The statutory language of § 504 of the Rehabilitation Act and § 901 of Title IX being virtually identical, we are bound to conclude, like the Supreme Court in North Haven, that because § 504 "neither expressly nor impliedly excludes employees from its reach, we should interpret the provision as covering and protecting these 'persons' unless other considerations counsel to the contrary." For like female employees, handicapped employees are "subjected to discrimination under" a federally funded program if they are paid lower salaries, given less opportunity for promotion, or forced to work under more adverse conditions than are their non-handicapped colleagues. Similarly, a handicapped individual is certainly "subjected to discrimination under" a federally funded program if, as alleged in our case, he is not hired at all, solely because of his handicap.

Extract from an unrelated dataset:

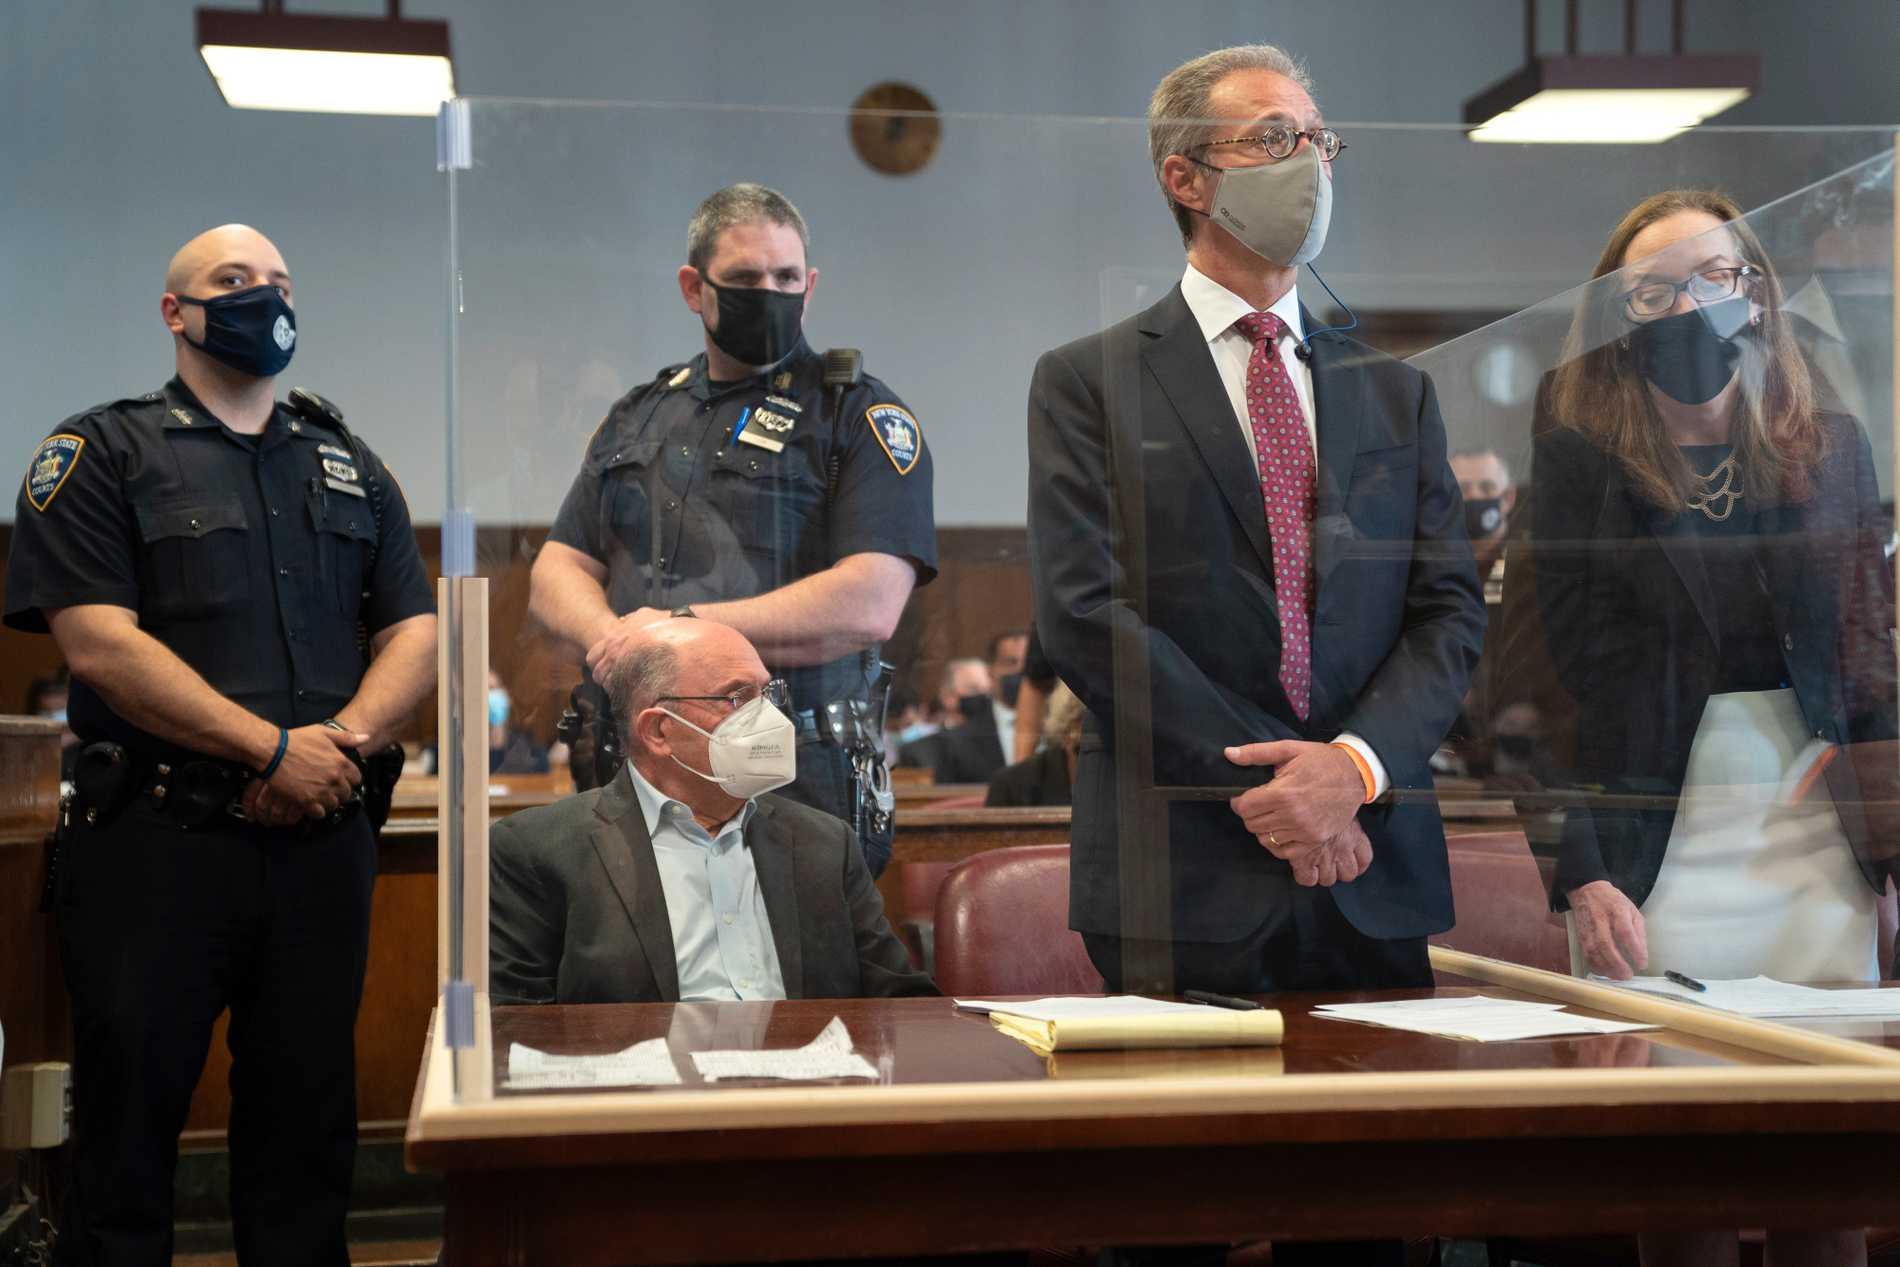 Allen Weisselberg sitting in the courtroom.
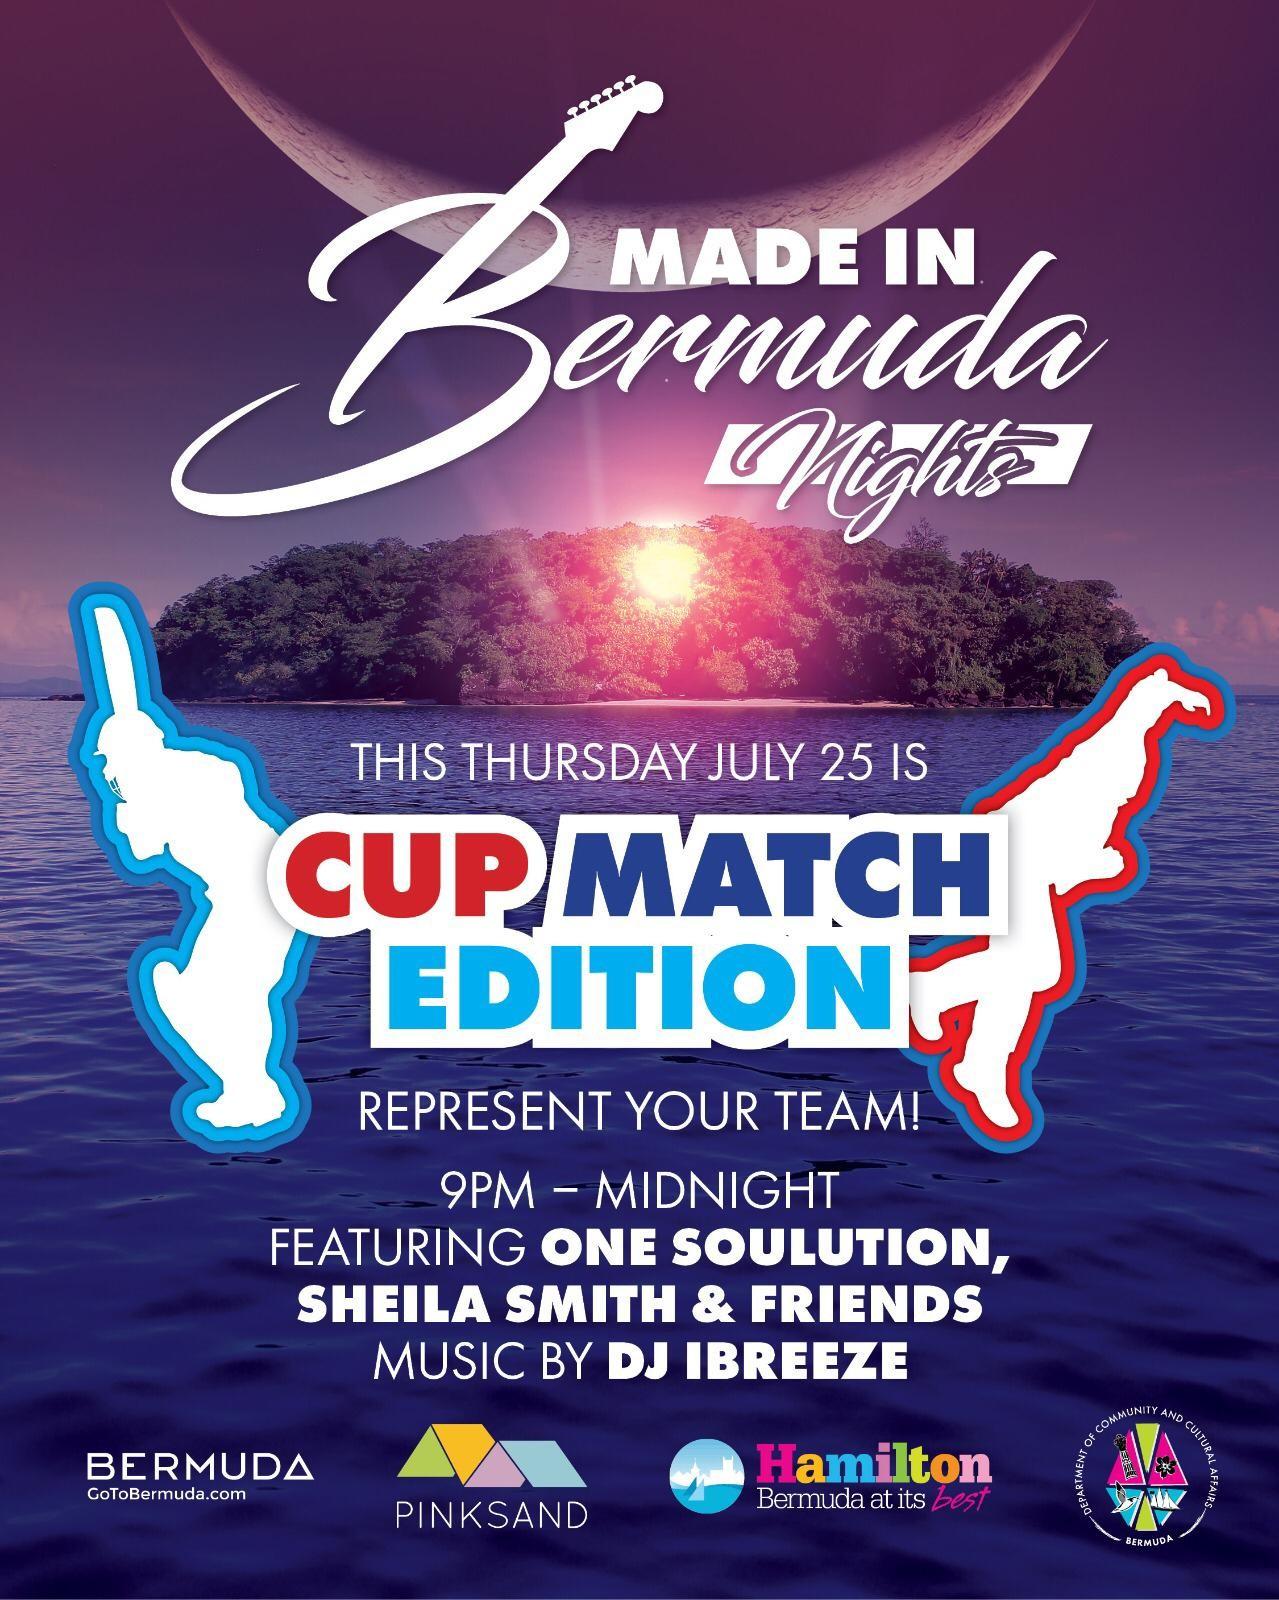 cup match

Of course, Trageser and the courts which have followed it, including the lower court in this case, find counsel to the contrary in § 505(a)(2) of the 1978 amendments to the Rehabilitation Act, extending the remedies, procedures and rights of Title VI to victims of handicap discrimination. Title IX contains no provision similar to § 505(a)(2). Trageser would also argue that § 505(a)(2) should be read together with § 505(a)(1), 29 U.S.C. § 794a(a)(1), extending the remedies, procedures and rights of Title VII to victims of handicap discrimination by the federal government. The failure of Congress to extend Title VII to victims of discrimination by federal grantees indicates to the Trageser court its intention to limit the scope of § 504 to discrimination other than employment discrimination. We do not believe that the statutory language of § 505(a)(2), even when read in the context of § 505(a)(1), indicates a desire to narrow the scope of § 504. For this reason, we would nonetheless find § 504 prohibits employment discrimination by federal grantees unless anything in the legislative history of either § 504 or § 505(a)(2) counsels to the contrary.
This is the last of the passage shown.